ECLI:NL:CRVB:2007:BB9996
Centrale Raad van Beroep
- Hoger beroep
- A. Beuker-Tilstra
- G.L.M.J. Stevens
- C.G. Kasdorp
- Rechtspraak.nl
Afwijzing van vergoeding voor privévervoer door de Staatssecretaris van Defensie
In deze zaak gaat het om het hoger beroep van een appellant tegen de uitspraak van de rechtbank ’s-Gravenhage van 5 juli 2006, waarin zijn verzoek om vergoeding van vervoer voor recreatieve doeleinden werd afgewezen. De appellant had op 16 februari 2004 verzocht om deze vergoeding, maar de Staatssecretaris van Defensie weigerde dit bij besluit van 2 augustus 2004. Dit besluit werd na bezwaar gehandhaafd op 5 oktober 2005. De rechtbank verklaarde het beroep van de appellant ongegrond, wat leidde tot het hoger beroep.
Tijdens de zitting op 18 oktober 2007 werd de appellant vertegenwoordigd door mr. G. Mangon, terwijl de Staatssecretaris werd vertegenwoordigd door mr. M.H.J. Geldof van Doorn. De Raad overwoog dat de appellant op basis van de Voorzieningenregeling voor militaire oorlogs- en dienstslachtoffers geen recht had op de gevraagde vervoersvoorziening, omdat zijn bruto-inkomen in 2004 de gestelde inkomensgrens overschreed. De appellant stelde dat hij onder de hardheidsclausule van de regeling in aanmerking moest komen voor de vergoeding, omdat de afwijzing zou leiden tot onredelijke kosten en ernstige bestaansproblemen.

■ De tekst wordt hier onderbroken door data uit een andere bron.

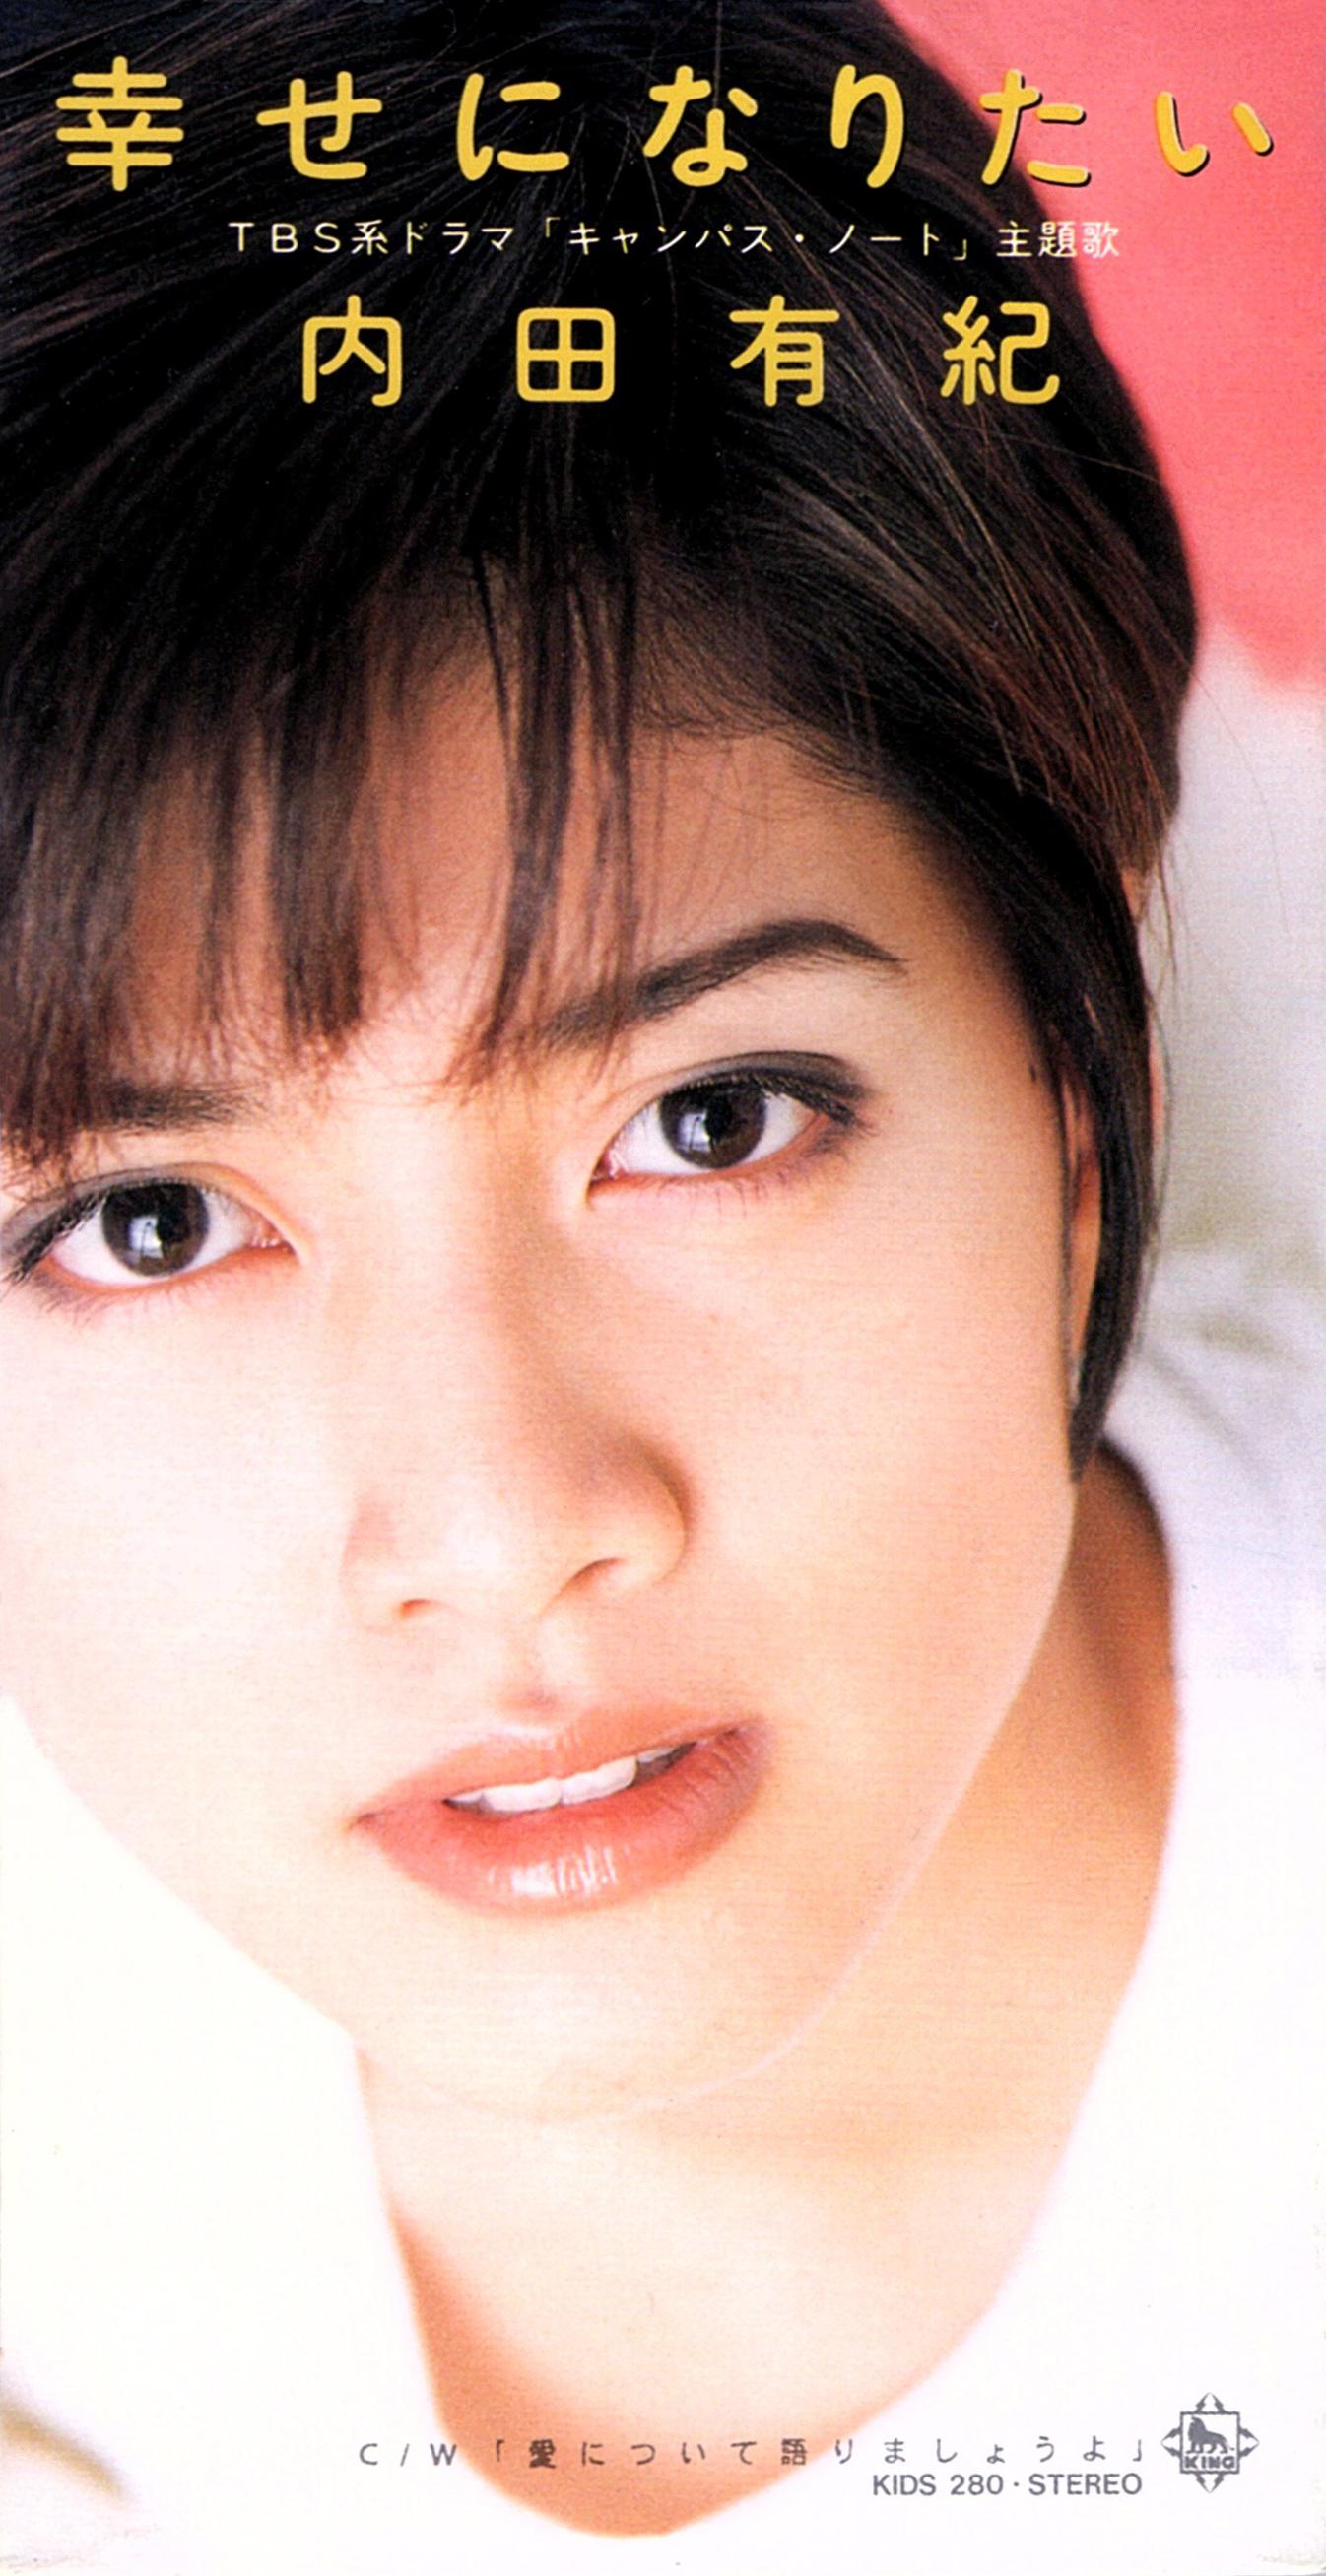 内田有紀 (うちだゆき) 5thシングル『幸せになりたい』(1996年1月24日発売) 高画質CDジャケット画像 ジャケ写
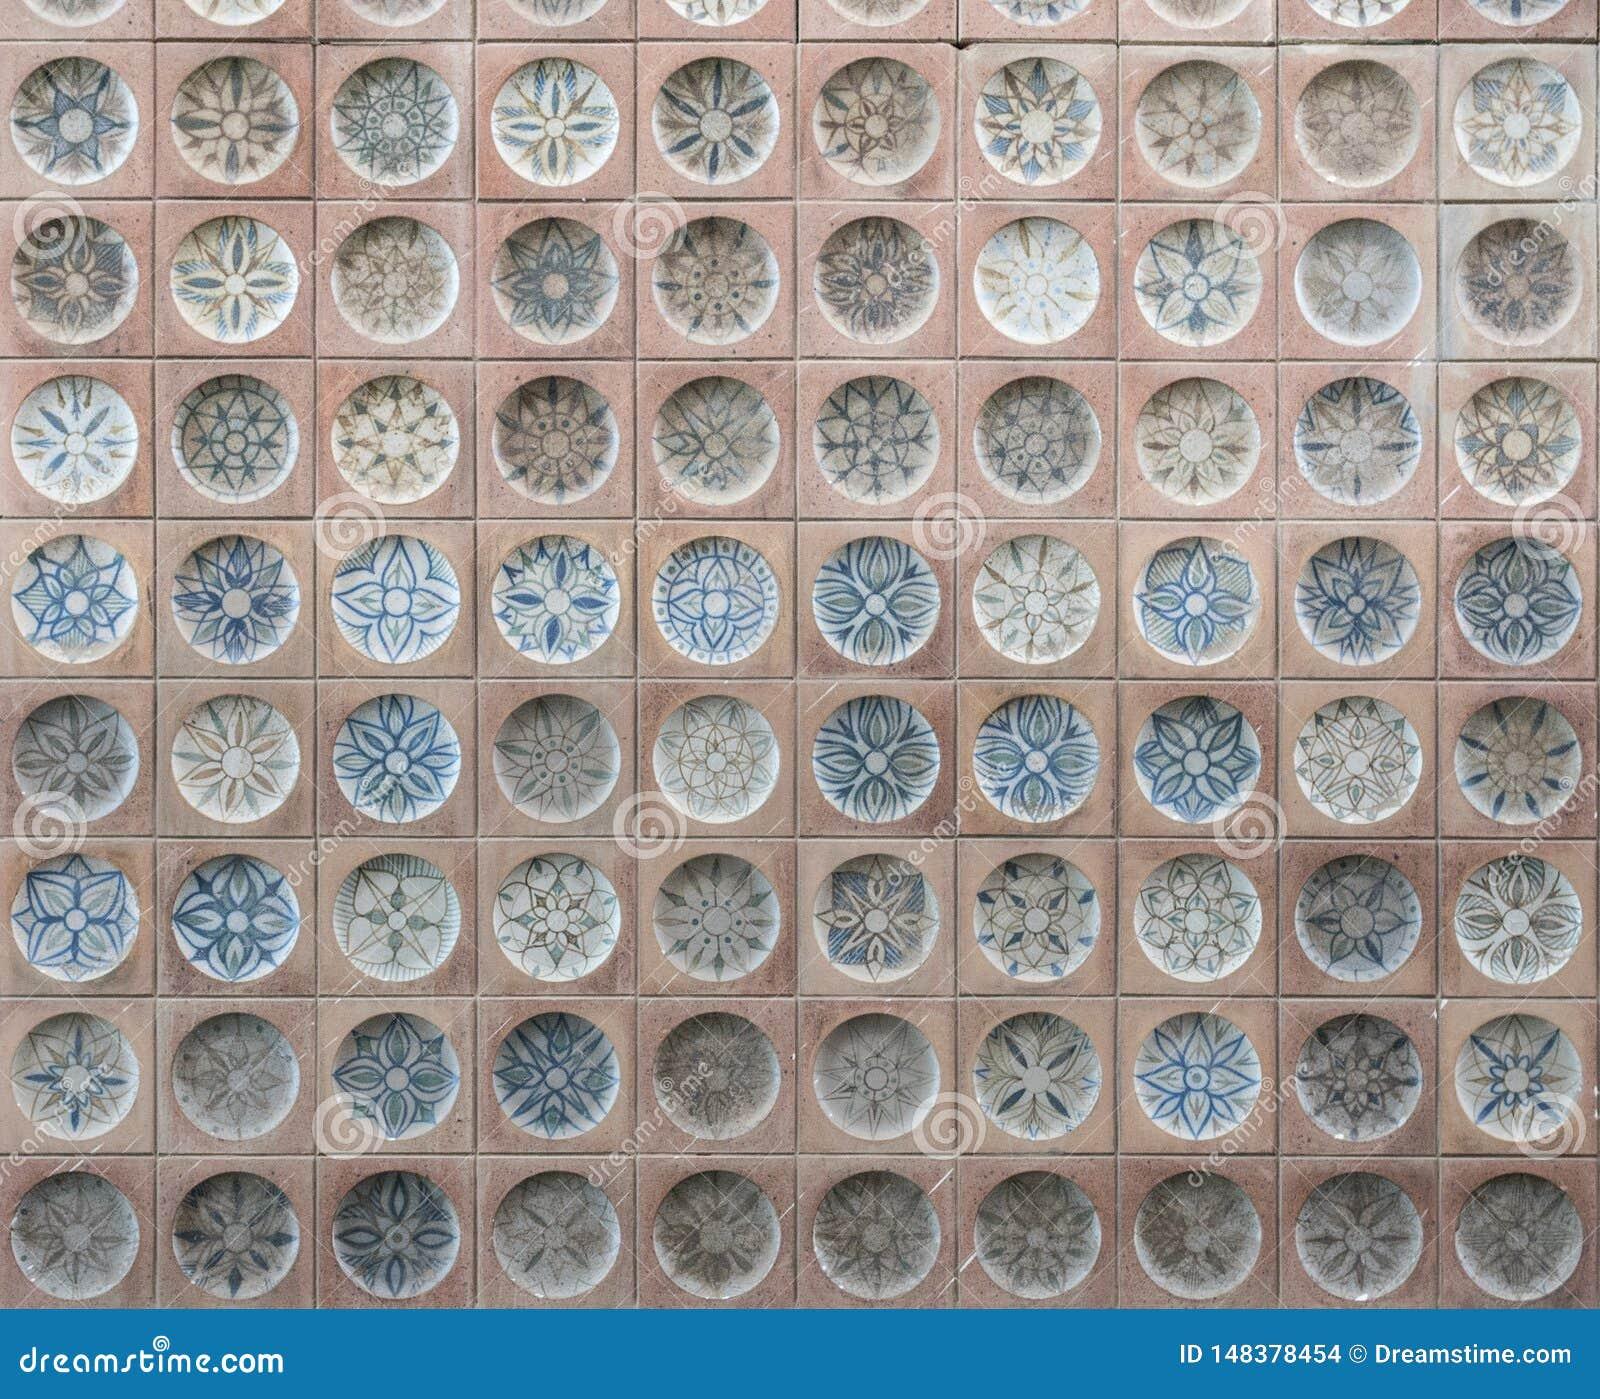 Stare Hiszpańskie ceramiczne płytki z wzorami, stawia czoło na budynku

De Raad oordeelde echter dat de artikelen van de Voorzieningenregeling duidelijk aangeven in welke gevallen een financiële tegemoetkoming kan worden verleend, en dat er geen ruimte is voor toepassing van de hardheidsclausule in dit geval. De Raad volgde de rechtbank in het oordeel dat de appellant geen bijzonder geval was, aangezien zijn situatie niet voldeed aan de criteria voor de hardheidsclausule. Gezien deze overwegingen werd het hoger beroep afgewezen en de eerdere uitspraak bevestigd.